The irritation test was performed with three EpiDerm tissues which were incubated with the test substance for 1 hour followed by a 42-hour post-incubation period.

Tissue destruction was determined by measuring the metabolic activity of the tissue after exposure/post-incubation by using a colorimetric test. The reduction of mitochondrial dehydrogenase activity measured by reduced formazan production after incubation with a tetrazolium salt (MTT) was chosen as endpoint. The formazan production of the epidermal tissues treated with the test substance is compared to that of negative control tissues. The quotient of the values indicates the relative tissue viability.

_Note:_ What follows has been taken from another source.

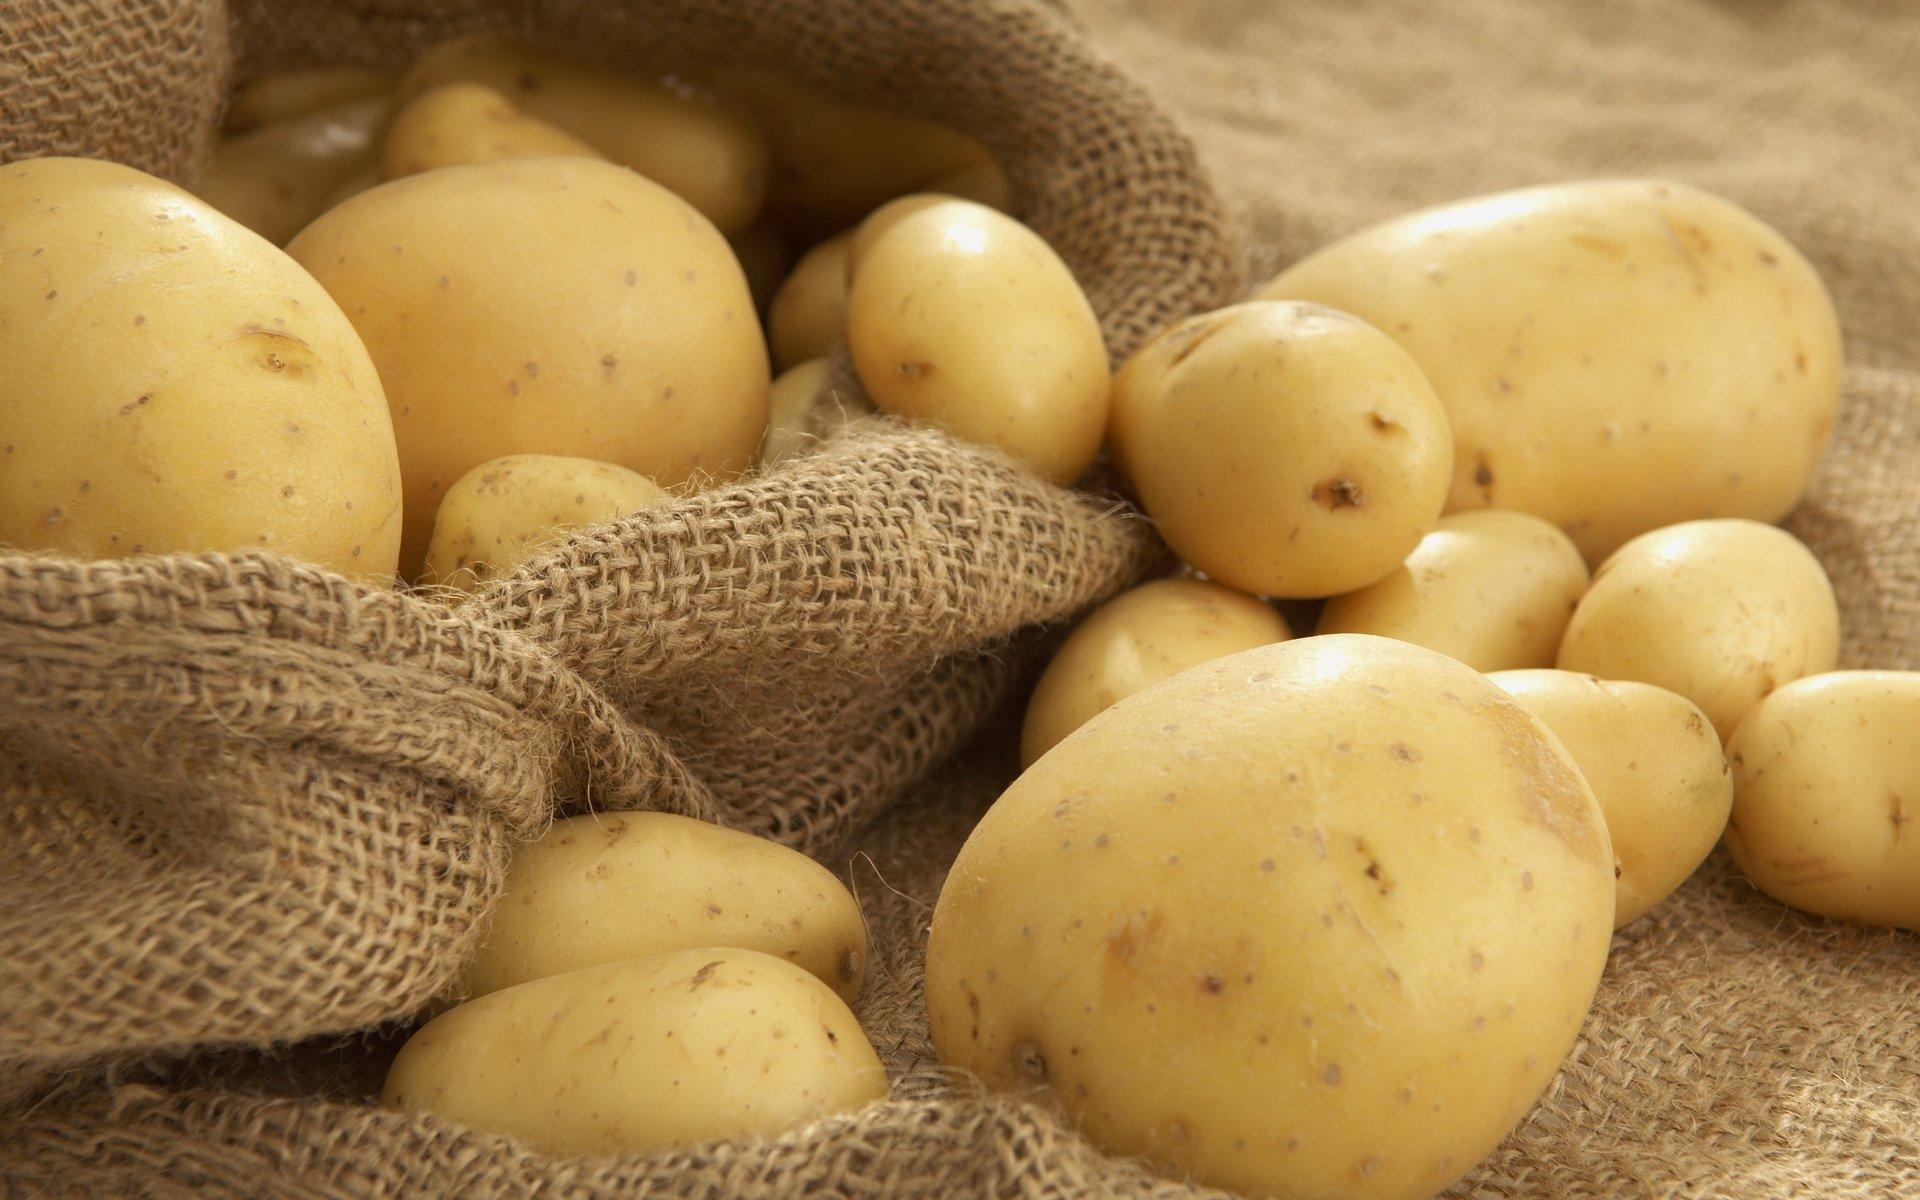 potatoes food wallpaper 63188

The following results were obtained in the EpiDerm skin corrosion/irritation test:

The test substance is able to directly reduce MTT. Therefore, an additional MTT reduction control KC (freeze-killed control tissues) was introduced.

Results of the Irritation Test (SIT):

The final mean viability of the tissues treated with the test substance determined after an exposure period of 1 hour with an about 42-hour post-incubation was 16.5%.

Based on the results observed and by applying the evaluation criteria, it was concluded that the test material (solvent free) shows a skin irritation potential in the EpiDerm in vitro skin irritation and corrosion test strategy under the test conditions chosen.